Any picture in the material should be left out, while all other lines are copied exactly.

COLLECTED MATERIAL =
-------------------------

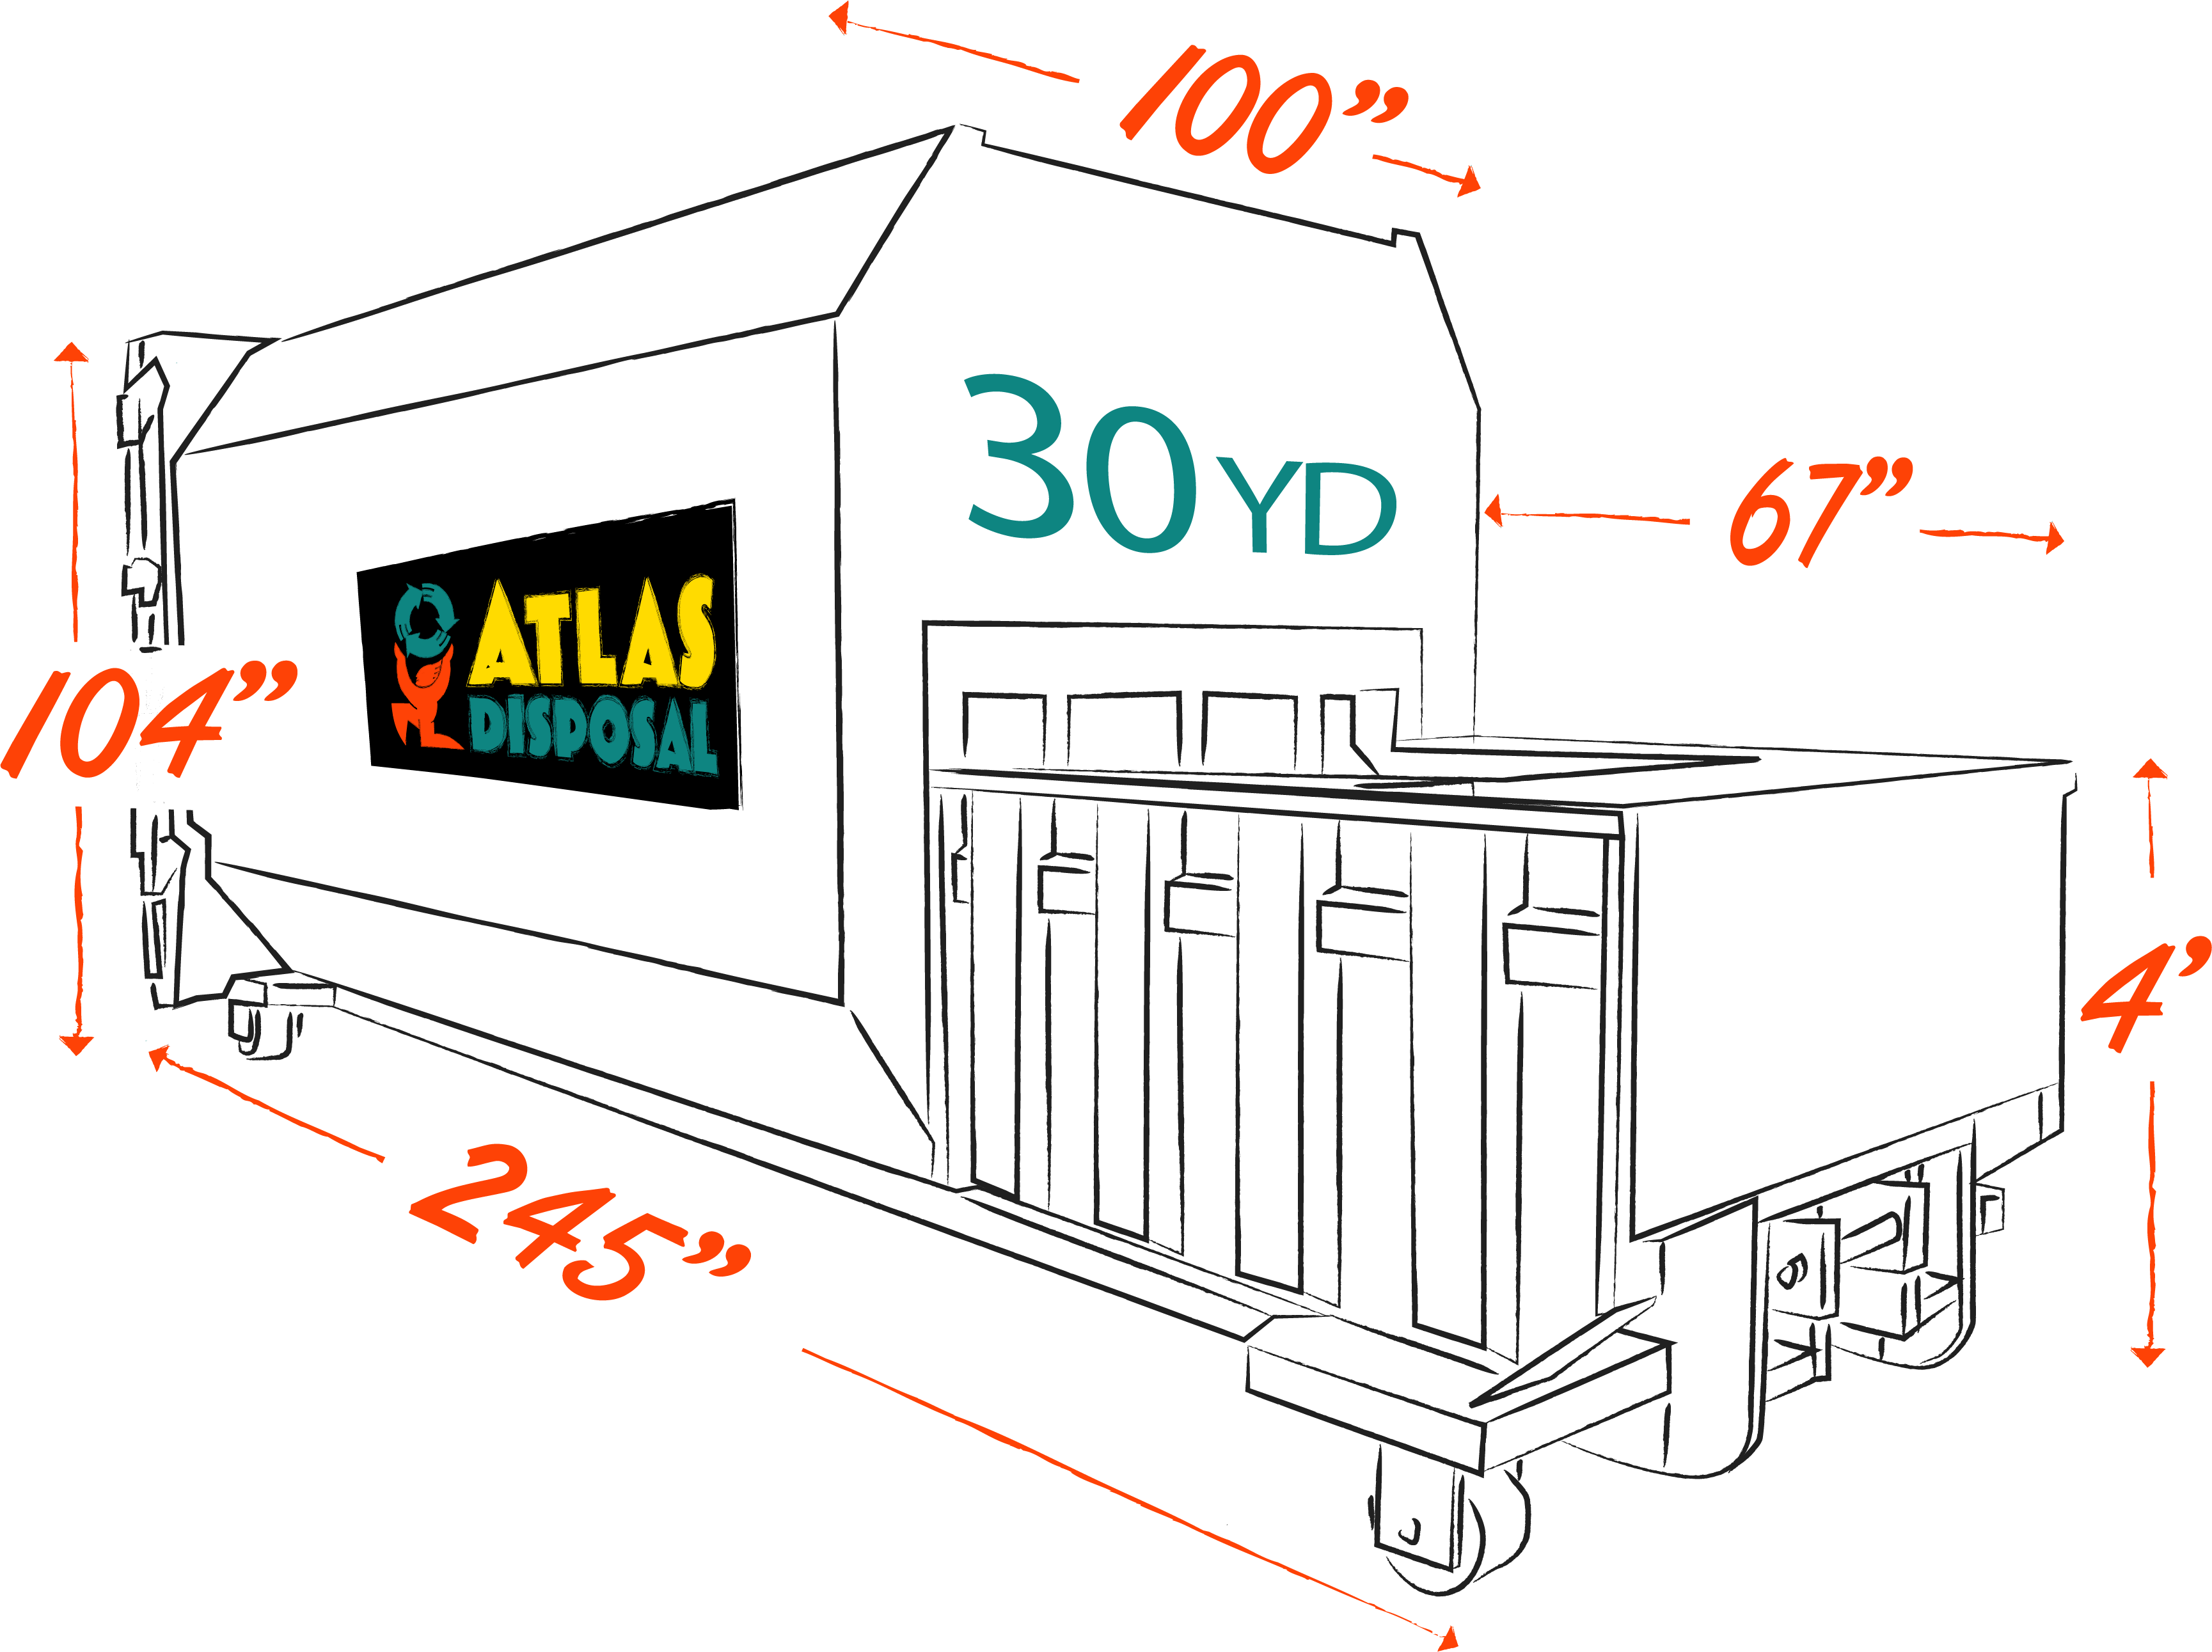 //atlasdisposal.com/wp-content/uploads/2022/04/AtlasContainer-Sketches30yrd-compactoroutlined-11.png
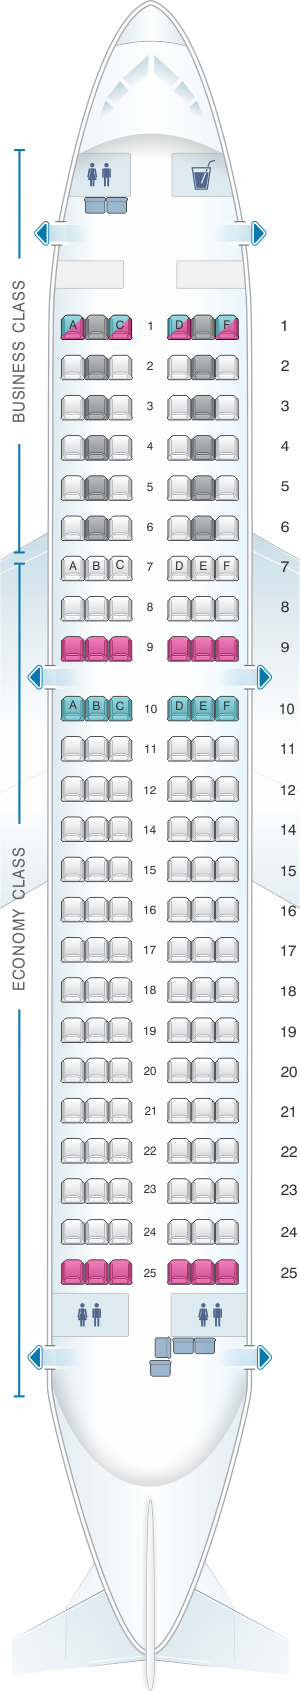 Seat map for Austrian Airlines Airbus A319
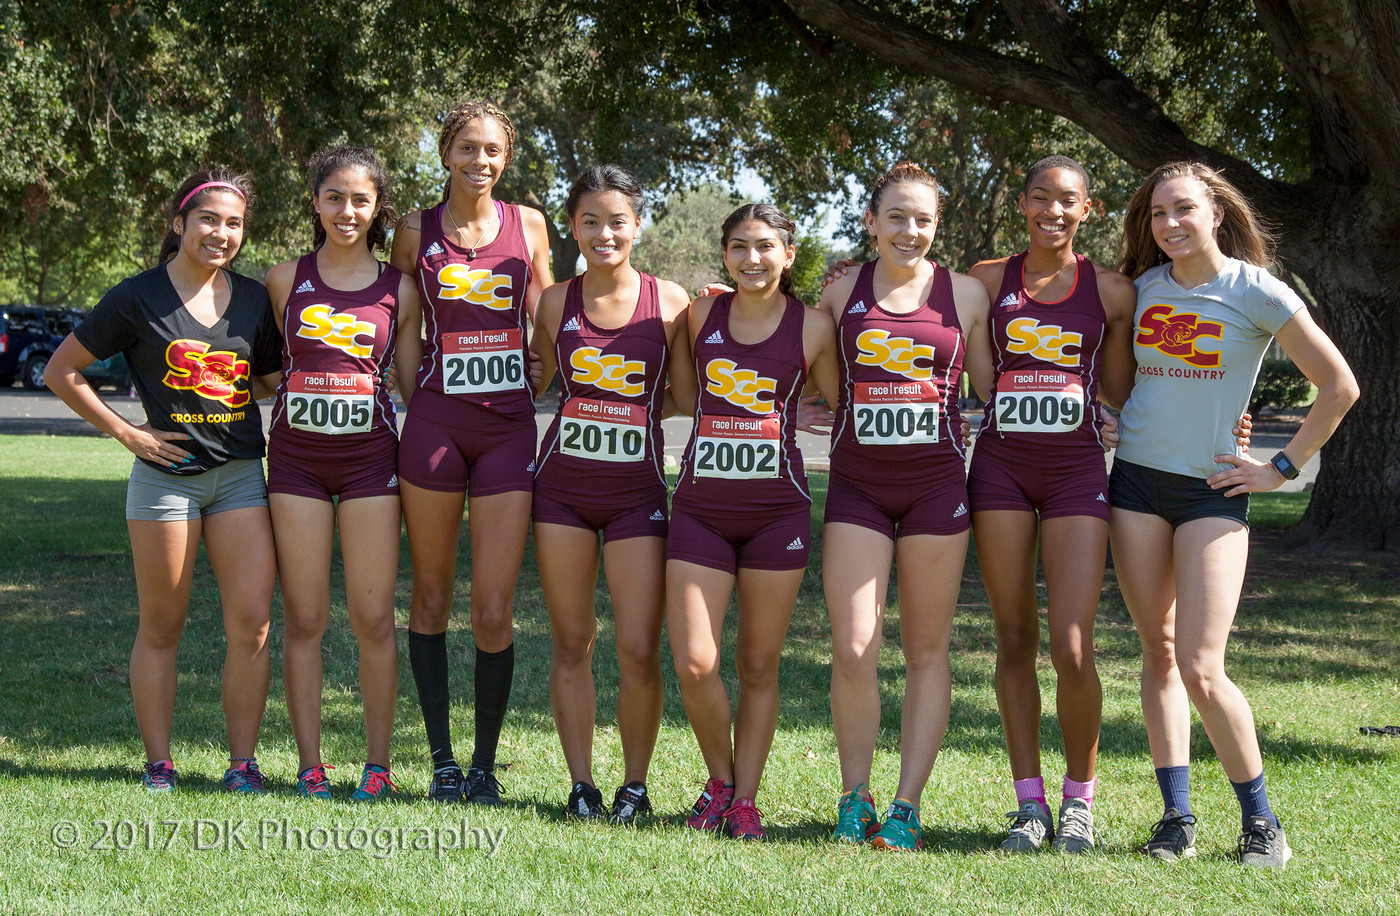 City wins the MJC Invitational with 5 runners finishing in the Top 10
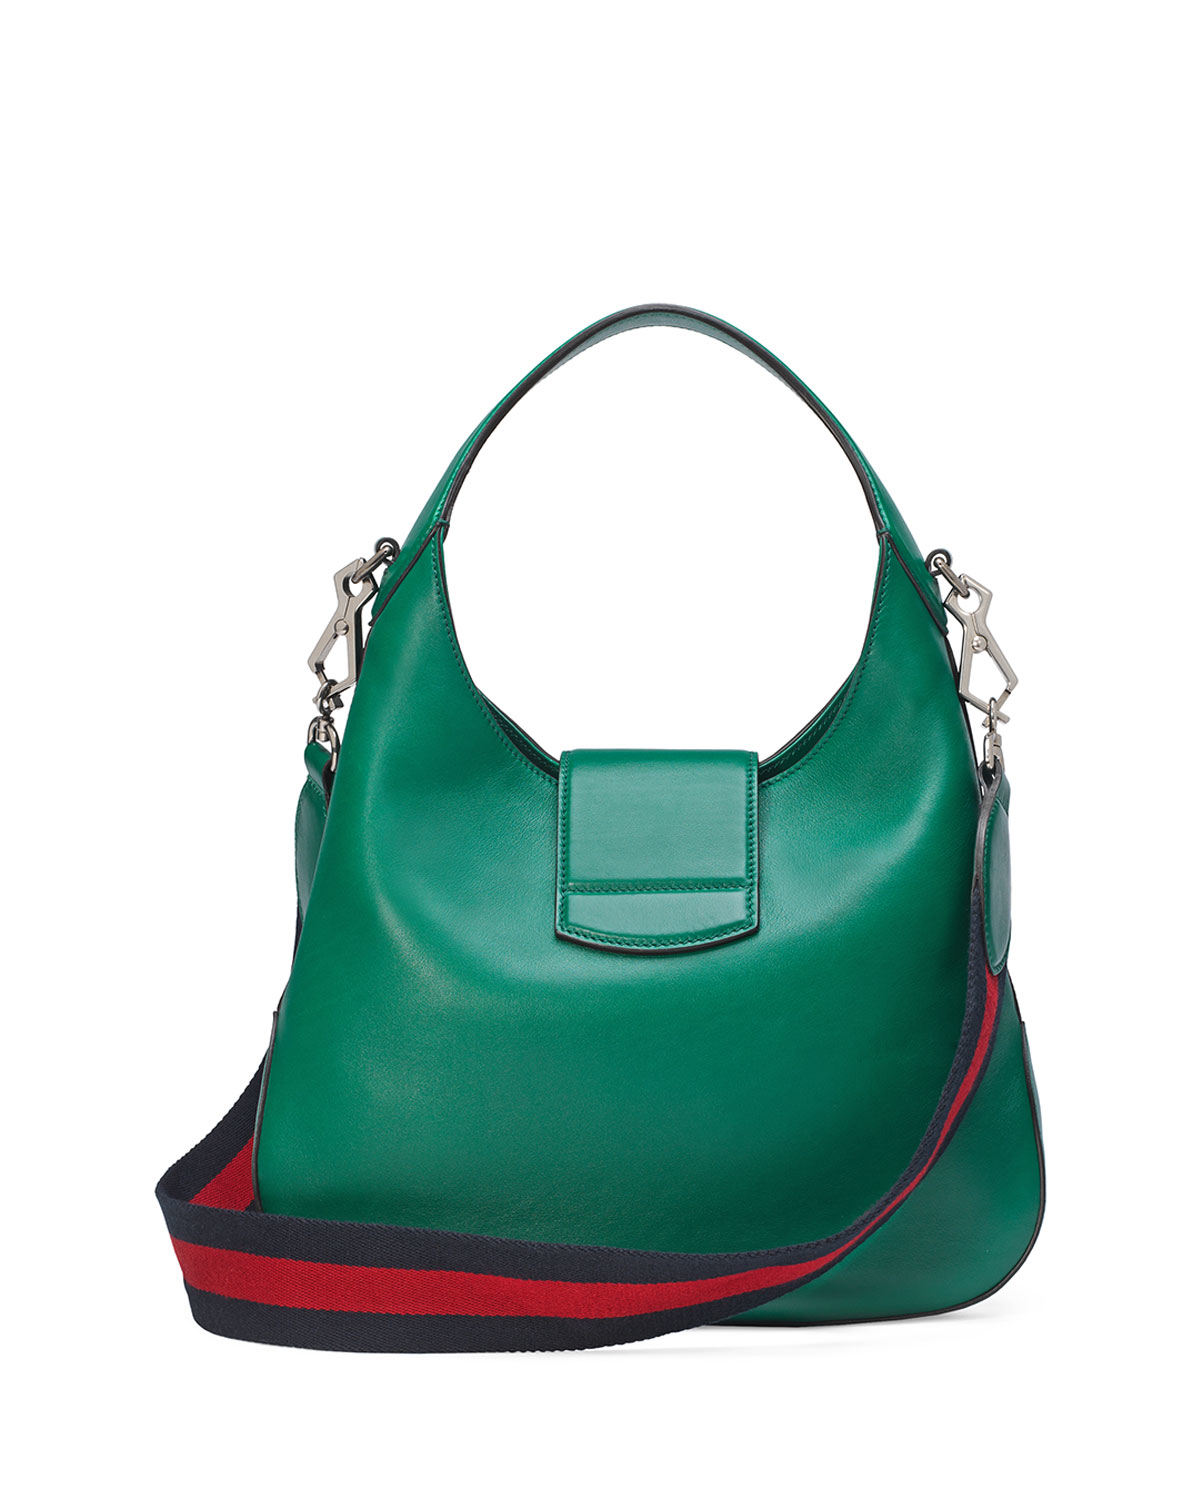 Gucci Dionysus Small Embroidered-Tiger Leather Hobo Bag in Green - Lyst

-------------------------

EXERCISE RESPONSE =
 //atlasdisposal.com/wp-content/uploads/2022/04/AtlasContainer-Sketches30yrd-compactoroutlined-11.png
 Seat map for Austrian Airlines Airbus A319
 City wins the MJC Invitational with 5 runners finishing in the Top 10
 Gucci Dionysus Small Embroidered-Tiger Leather Hobo Bag in Green - Lyst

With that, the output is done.